As recorded by Renward Cysat in c. 1600, the cattle raid took place in 1374, and the tensions between Entlebuch and Obwalden continued for several years. Finally, the two sides agreed to send a herald each to meet at the border, who would either declare war or make peace. The two heralds met and were later found to have killed each other. As the heralds did not return, both sides assumed the other had taken their herald, and mobilised for war. The two forces met at Schlachtalp. The Entlebuch side was victorious and took the Obwalden banner, which was kept until modern times in the tower at Schüpfheim. Cysat reports that the banner was lost because the banner bearer of Obwalden believing the battle was already won climbed on top of a rock, challenging any man of Entlebuch to come and take the banner.
A man called Ring Rüegk (Ring Rüegg) of Entlebuch climbed the rock, killed the banner bearer and took the banner, turning the battle in favour of Entlebuch.

Later legend adds additional elements. The hero of Entlebuch now appears under the name Windtrüeb (also Wintrüeb, Wintrüb). In the cattle raid, the Obwalden invaders are said to have thrown the tenant of Schlachtalp into his cauldron of boiling rennet, killing him. They then collected the cattle and drove it away.
Windtrüeb, the tenant of the neighboring Blattalp, is said to have pursued the invaders, catching up with them at Mörhalp, back in Obwalden territory beyond the Glaubenbühl Pass. The raiders were drunk from celebrating, and Wintrüeb entered the stable unnoticed and managed to steal back the cattle. The legend goes on to report a deception carried out by Windtrüeb involving cow bells, which for the 14th century is an anachronism.
In the battle, the same Windtrüeb is said to have killed the Obwalden banner bearer. In this legend
Windtrüeb was assassinated by the Obwalden party a few years later, in 1384, at Steinibach, halfway between Flühli and Schüpfheim.

In the aftermath of the battle, the Entlebuch sought an alliance with Lucerne, and became a subject territory of that city, and by extension part of the Swiss Confederacy, in 1385. At the Battle of Sempach in 1386, Obwalden and Entlebuch fought side by side.

A memorial stone at Steinibach (Krutacker) marked the site of Wintrüeb's assassination.
The memorial stone to Windtrüeb at Steinibach remained standing into the 17th century.
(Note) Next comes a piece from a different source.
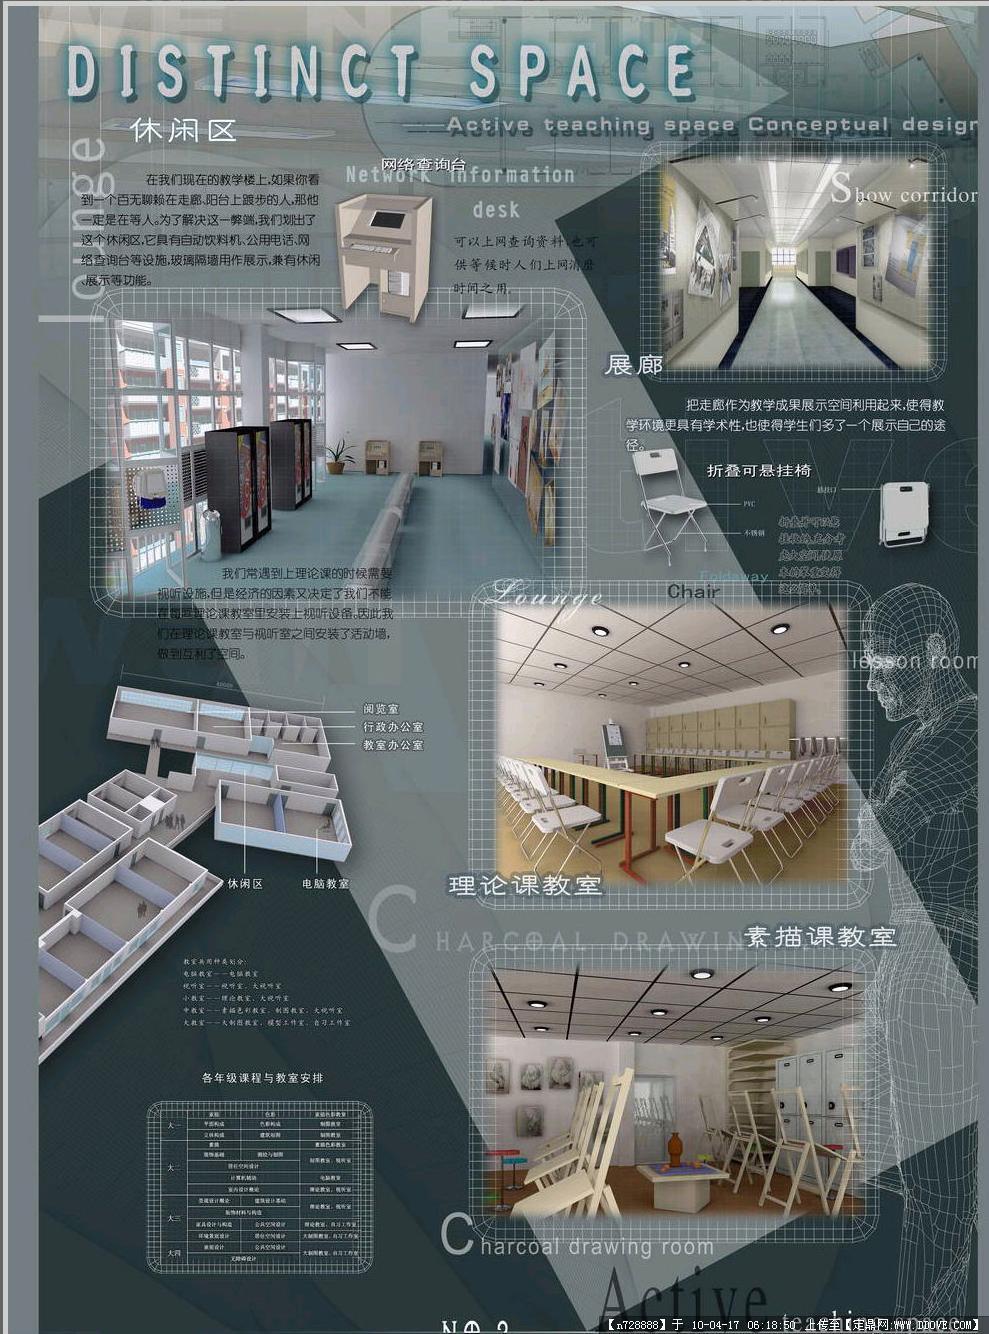 异度空间——活动教学空间概念设计-展板两张

In the Swiss peasant war of 1653, as the peasants were uniting under Christian Schybi, the people of Flühli rallied at the stone for their battle prayer, vowing to build a chapel at the spot should they return victorious. They were defeated and killed without exception, and the stone has since been weathered away.
An undated wooden plaque exhibited at Schlachtalp has an inscription mentioning the discovery of a document (Schrift) discovered when the previous wooden building was torn down which explained the name Schlacht.
A modern Wintrüeb monument was erected at the bridge of Flühli in 1980.